Zero downtime during upgrade

The upgrade process ensures no downtime. Active nodes remain operational, and the service URI continues to resolve to all active nodes. However, partition transfers create additional load, which can slow cluster performance if the cluster is already under heavy load.

During partition transfers, clients attempting to produce or consume messages might encounter leader not found warnings. Most client libraries handle these warnings automatically, but they can still appear in logs. For more information, see NOT_LEADER_FOR_PARTITION errors.

Upgrade duration

The upgrade duration depends on several factors:

  • Data volume: Larger data volumes increase the time required.
  • Number of partitions: Each partition adds processing overhead.
  • Cluster load: Heavily loaded clusters have fewer resources available for upgrades.

To reduce upgrade times, Aiven recommends performing upgrades during periods of low traffic to minimize the impact on producers and consumers. If your service is constrained by resources, consider disabling non-essential workloads during the upgrade. This frees up resources for coordinating and transferring data between nodes, improving efficiency.

Rollback options

Rollback is not available because old nodes are removed once the upgrade progresses.

note

Nodes holding data are not removed from the cluster to prevent data loss. If the upgrade does not progress, old nodes remain in the cluster.

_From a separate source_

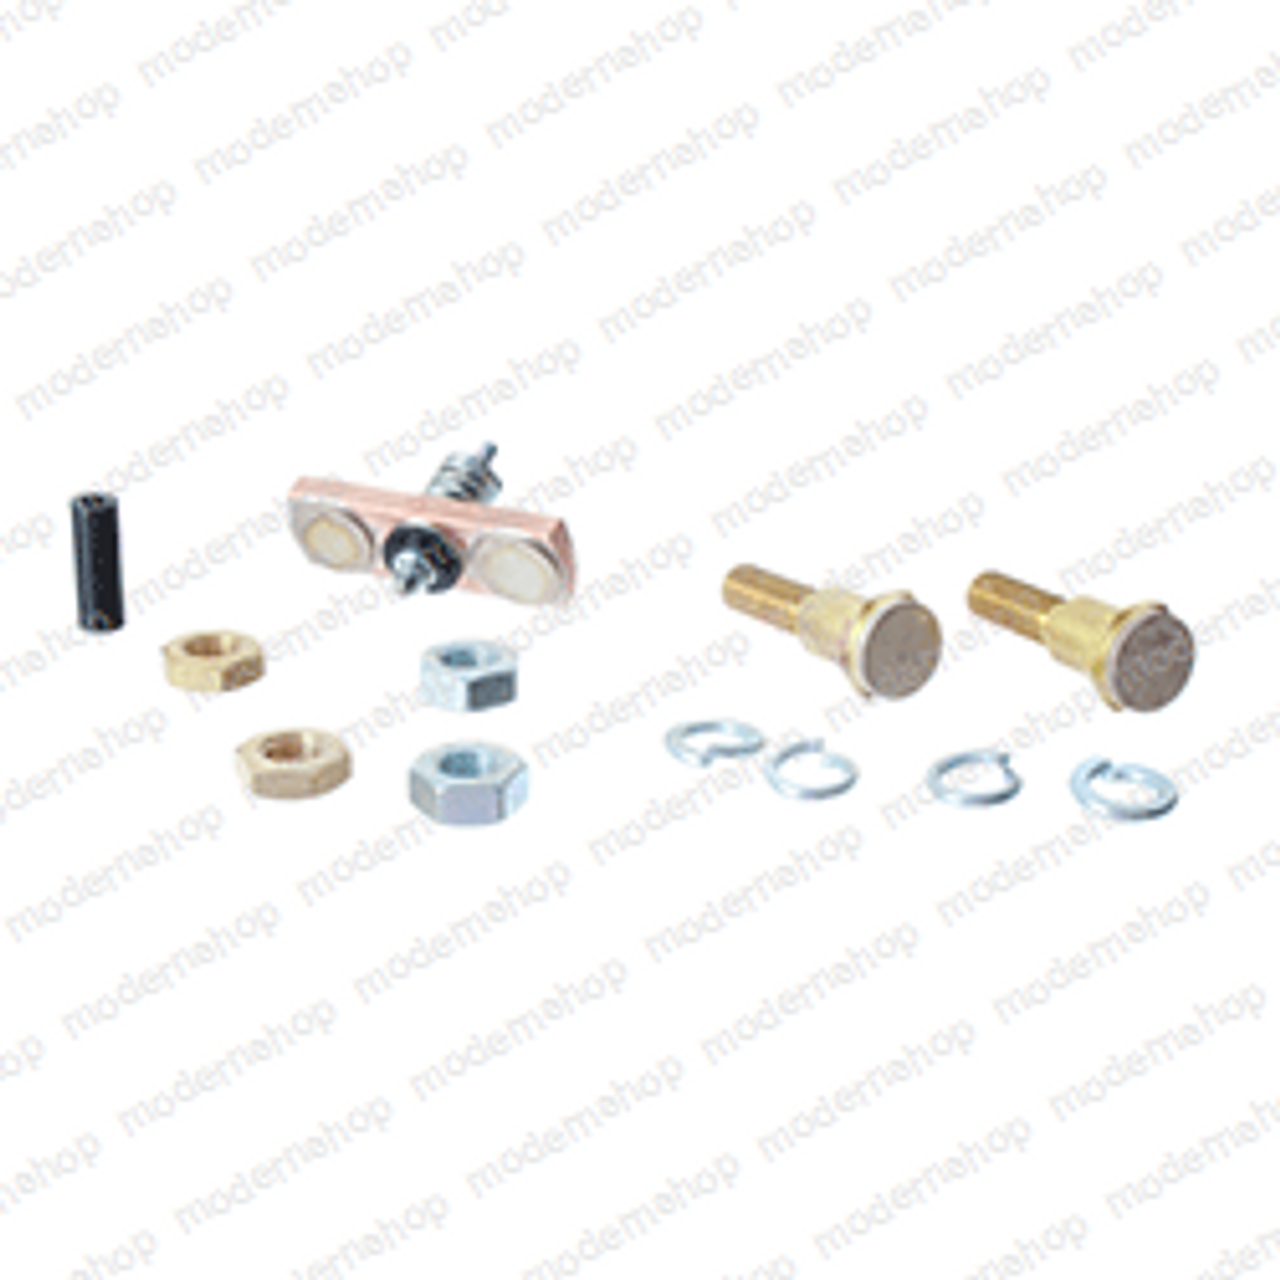 2155-94: Albright TIP KIT - CONTACT

If sufficient disk capacity is available, you can downgrade to a smaller plan. Use the Aiven Console or the Aiven CLI to perform the downgrade.

The upgrade process remains the same when changing the node type during a service plan change. For instance, when downgrading to a plan with fewer resources, such as fewer CPUs, memory, or disk space, the latest system software versions are applied to all new nodes, and data is transferred accordingly.

Upgrade impact and risks

Upgrading your cluster can increase CPU usage due to partition leadership coordination and data streaming to new nodes. To reduce the risk of disruptions, schedule the upgrade during low-traffic periods and minimize the cluster's normal workload by pausing non-essential producers and consumers.

If you are upgrading to a smaller plan, the disk may reach the maximum allowed limit, which can block the upgrade. Check disk usage before upgrading and ensure there is enough free space.

note

In critical situations, Aiven's operations team can temporarily add extra storage to the old nodes.

Transitioning to KRaft Early availability

With the release of Apache Kafka® 3.9, Aiven introduces support for Apache Kafka Raft (KRaft), the new consensus protocol for Kafka metadata management. This enhancement simplifies architecture while maintaining compatibility with existing features and integrations, including Aiven for Apache Kafka Connect, Aiven for Apache Kafka MirrorMaker 2, and Aiven for Karapace.

Apache Kafka 3.9 includes all features from Apache Kafka 3.8, but some controller metrics are no longer available due to the transition to KRaft mode. For details, see Apache Kafka controller metrics. ACL permissions and governance behaviors remain unchanged.

Availability and migration

New services

  • All new Aiven for Apache Kafka services with Apache Kafka 3.9 run KRaft as the default metadata management protocol.
  • Startup-4 replaces Startup-2 plans in Apache Kafka 3.9 and later. All feature restrictions from Startup-2 also apply to Startup-4, including Datadog restrictions.
  • Available on all cloud providers.

Existing services

  • Migration for existing services, which involves upgrading from Apache Kafka 3.x to 3.9, is not yet available.
  • Aiven will provide a migration path once it is ready.
  • To support this transition, Aiven has extended support for Apache Kafka 3.8 by one year, allowing sufficient time for planning and migration.

Performance impact

Performance testing across different cloud providers and plan sizes has not shown significant changes.